Этот процесс, который можно было бы охарактеризовать как своего рода вульгаризацию, подобным образом наблюдается и с учетом социальной среды. Как было показано, автор «Выжигина», предпочитал «среднее сословие». Но у него речь идёт преимущественно о слоях этой очень обширной группы, к которой могло относиться также низшее и среднее дворянство, занимавших более высокое положение. «Новый Выжигин» Гурьянова действует всегда в среде купечества, он рассматривается, если ещё уточнить, полностью с точки зрения торговых служащих, «приказчиков». Немногие появляющиеся аристократы – высокомерные, но морально опустившиеся авантюристы, пребывающие в состоянии финансовой задолженности[970]. Единственное исключение – губернатор, выступающий здесь, однако, представителем не знати, а правительства и его ведомств.

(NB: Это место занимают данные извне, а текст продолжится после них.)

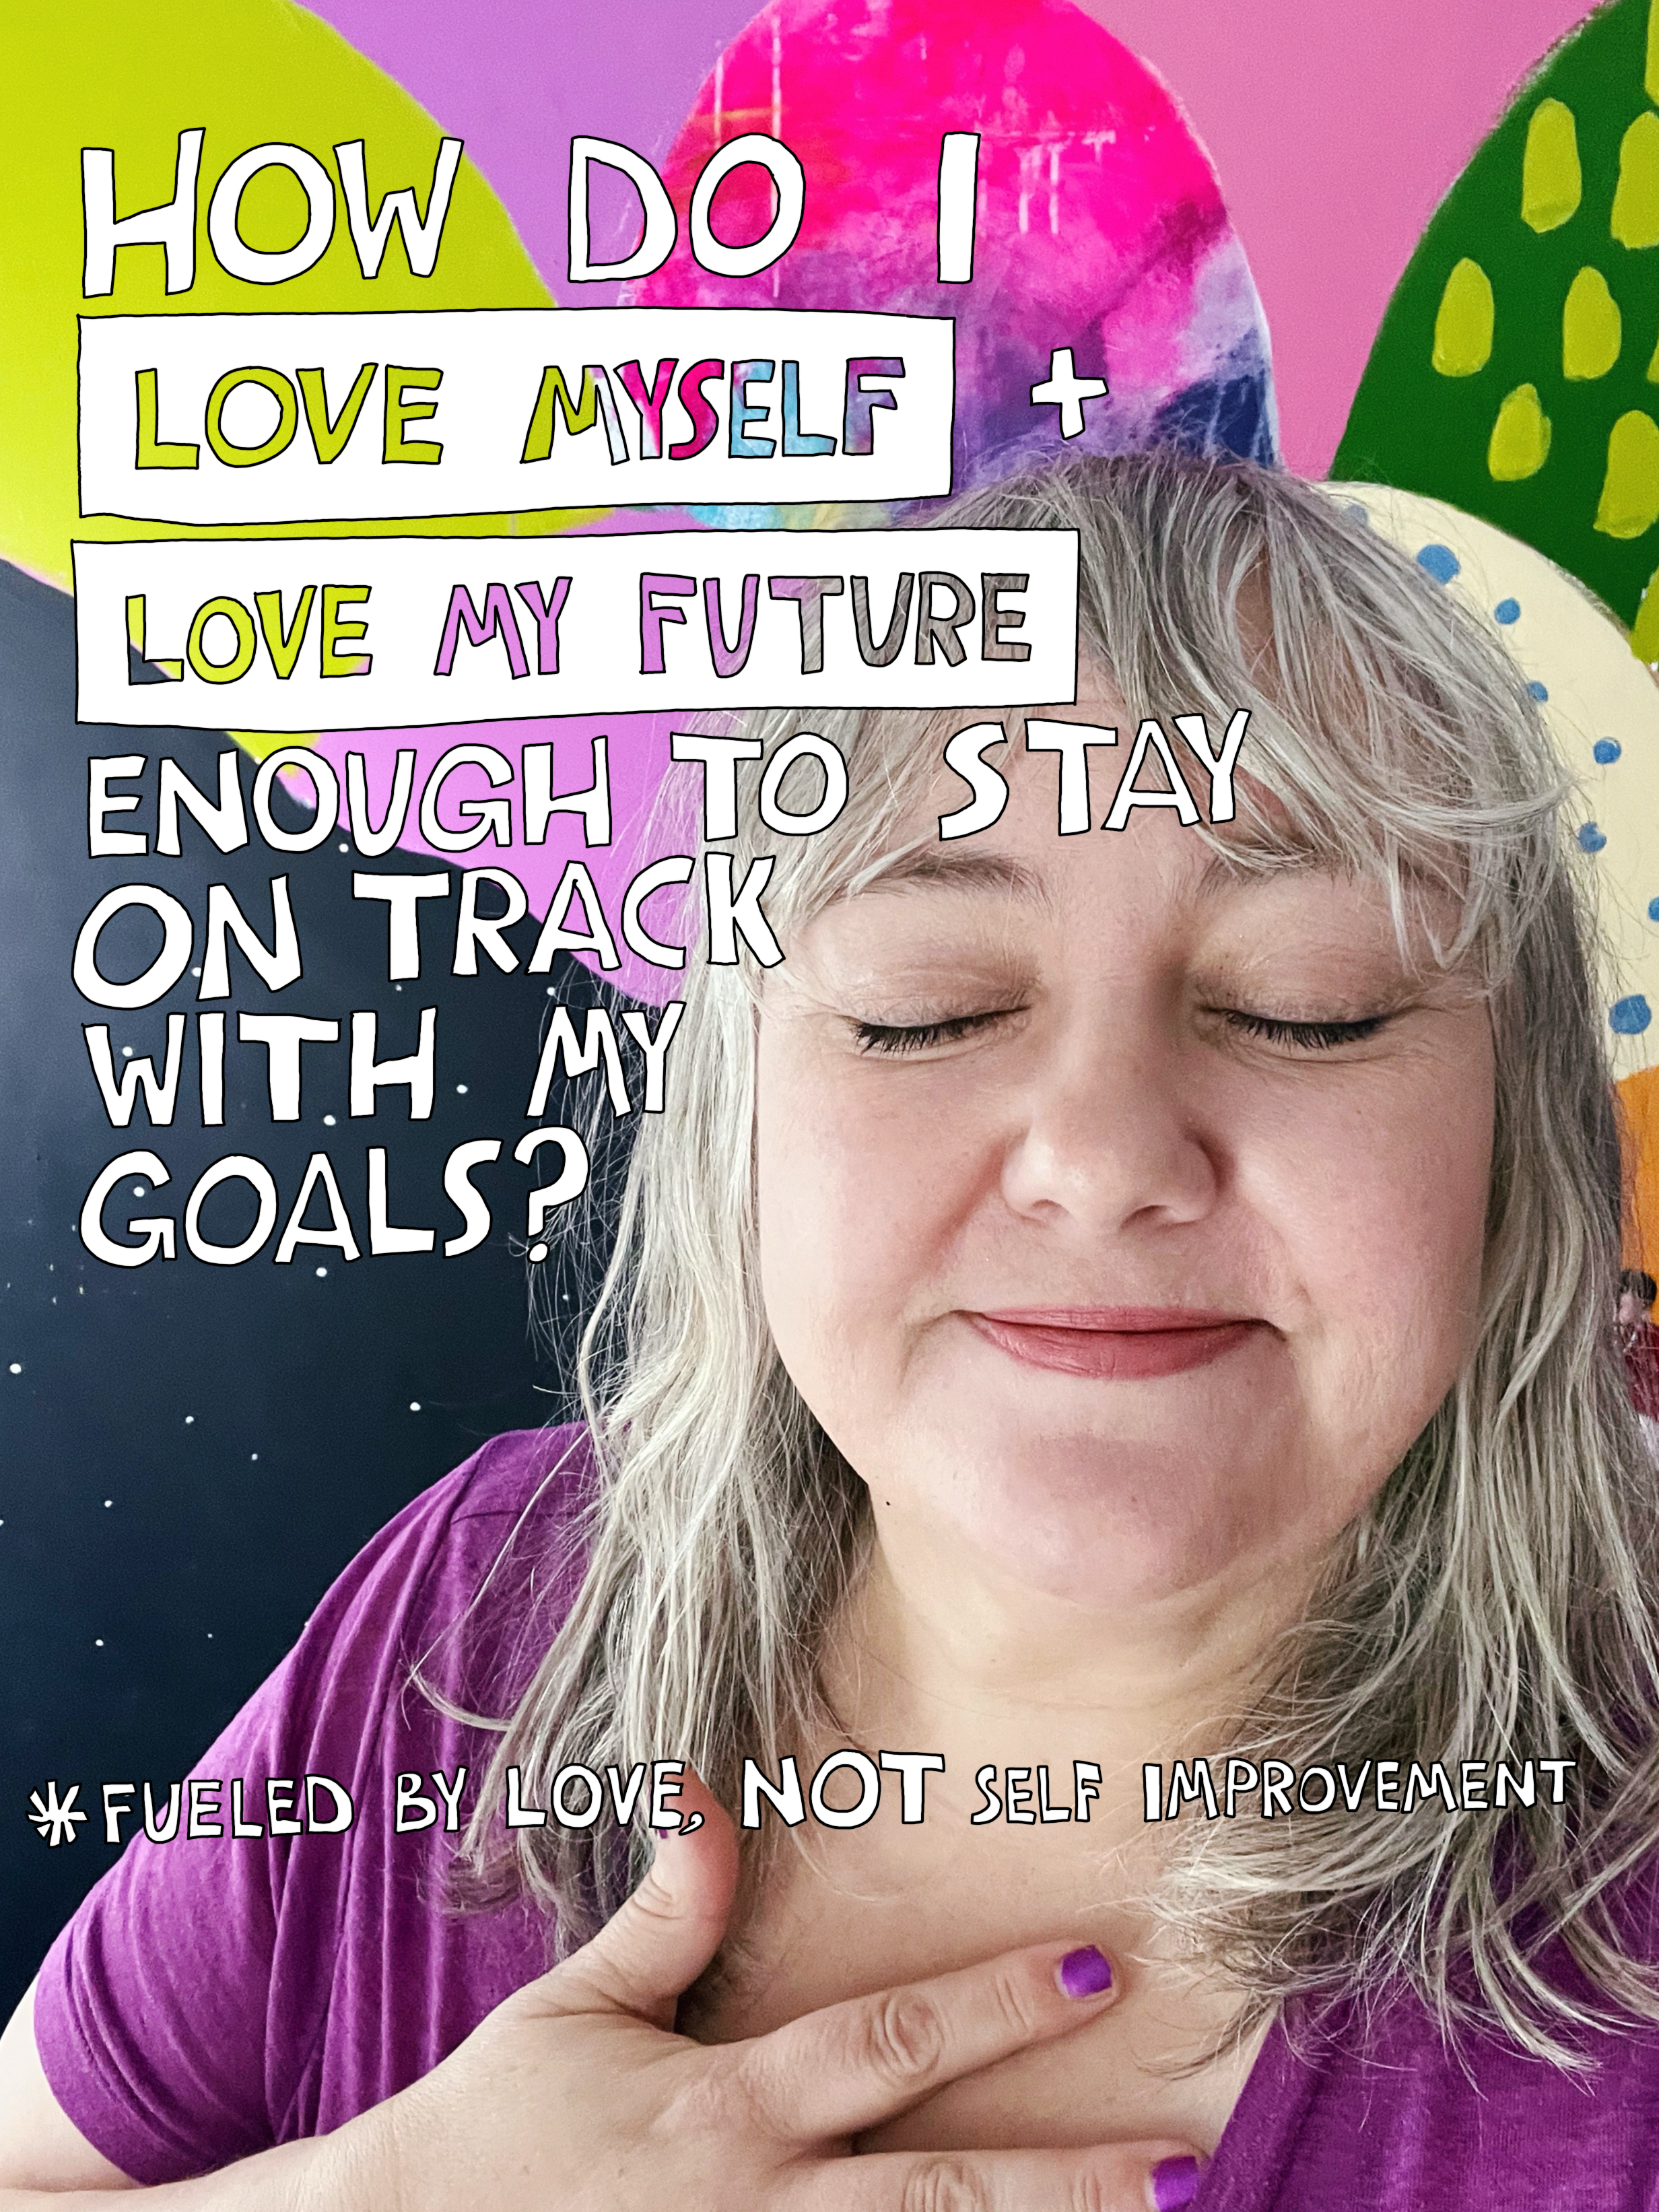 How do I love myself and love my future enough to stay on track with my goals?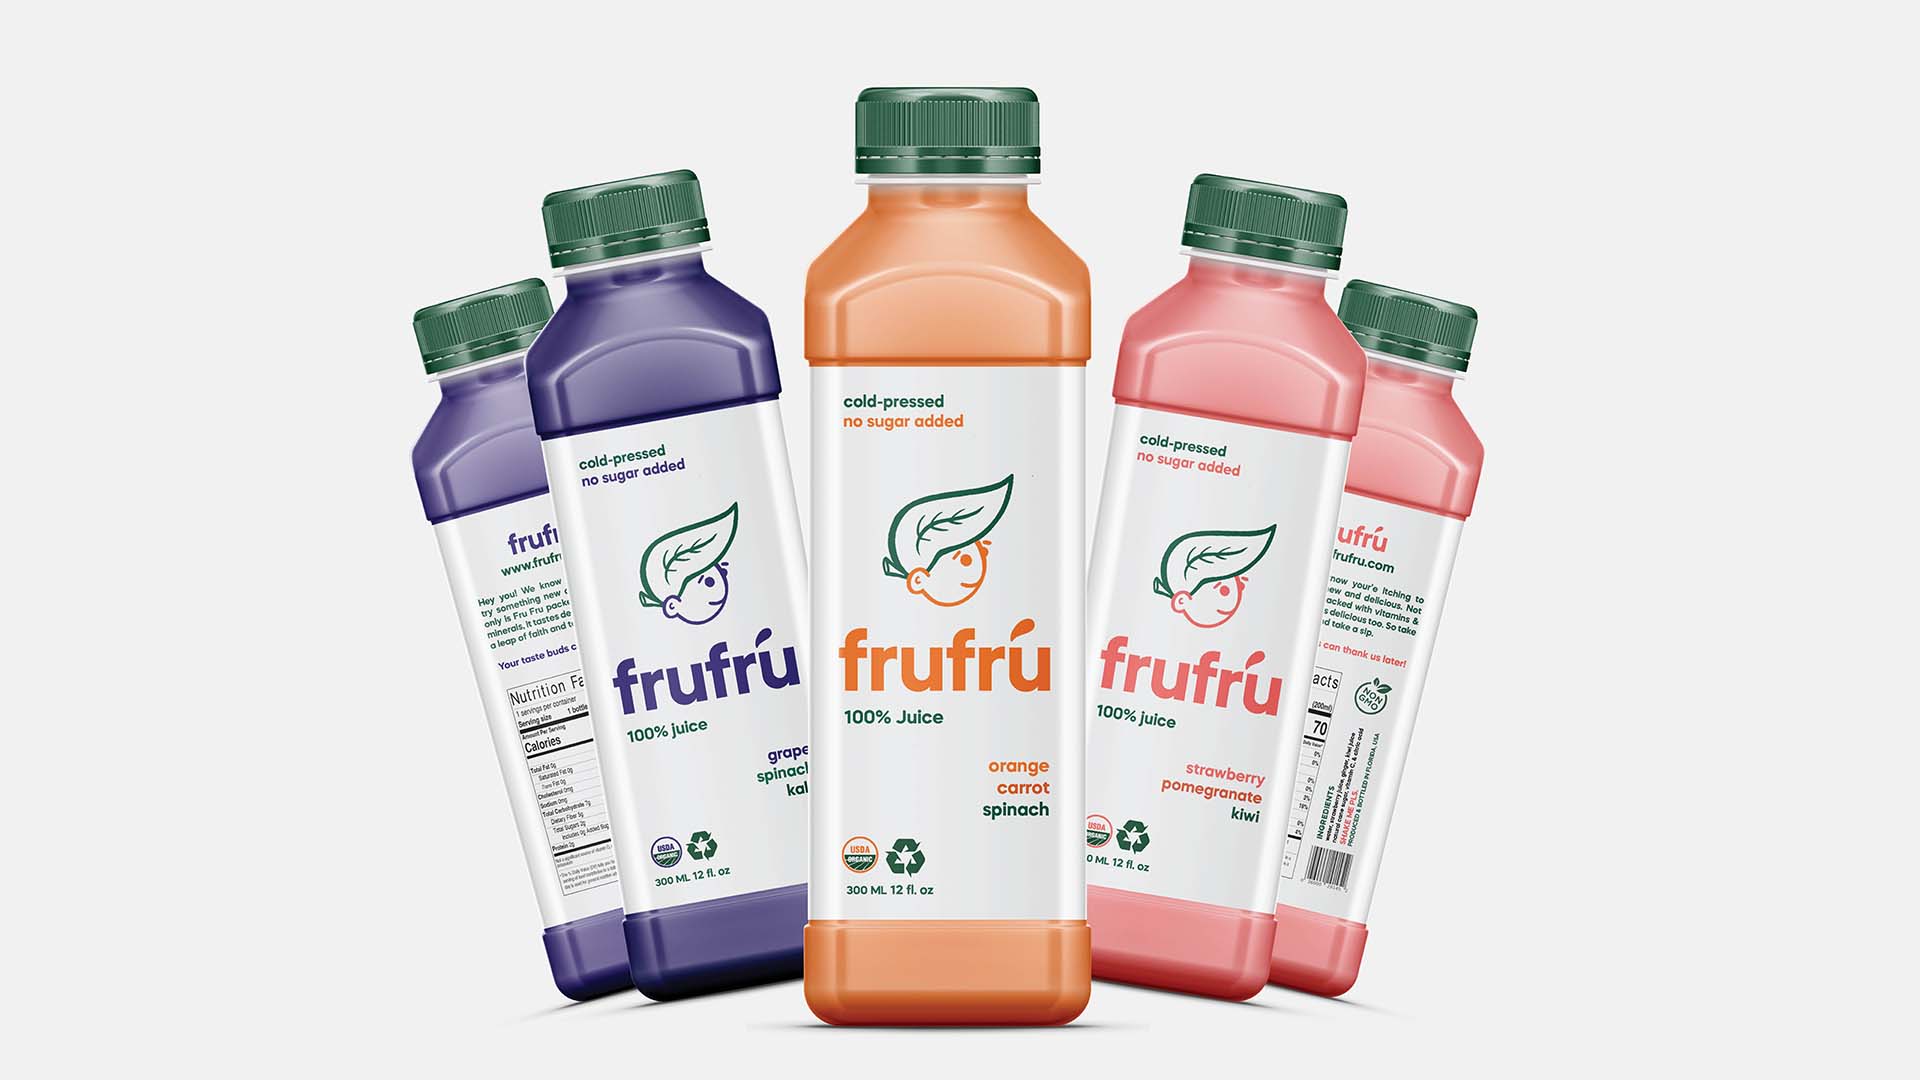  / “Fru Fru,” Product branding and label design, 2.5 x 4 inches 2021. Fru fru is a bright and colorful juice brand intended for all ages.

Такое ограничение сферой переживаний и точкой зрения «приказчика» могло вполне пойти на пользу. Ведь «нравы» «высшего» общества уже столь часто рассматривались в романе (как в русских переводах, так и в оригинальных русских сочинениях), что очень велика опасность шаблонов. Это показал и пример самого «Выжигина», обоснованно упрекавшегося критикой как раз в том, что предложенное там изображение московского и петербургского «общества» шаблонно и неверно. Напротив, жизнь и самобытность мелкого русского купца или приказчика в романе схвачена ещё недостаточно, чтобы здесь было бы предложено что-то новое. Действительно, больше всего удались и наиболее интересны также фрагменты «Нового Выжигина», посвящённые конкретной жизненной среде русского купца: например, описания московского «Гостиного двора», когда утром открываются первые лавки, или описание большой ярмарки в Макарьеве и Нижнем Новгороде. Даже более случайные обороты становятся оригинальными только в том случае, если они заимствуются из мира специфически купеческих представлений. Таково, например, вполне меткое сравнение подражателя «Выжигина» с товаром, который продаётся под знаком успешного изделия.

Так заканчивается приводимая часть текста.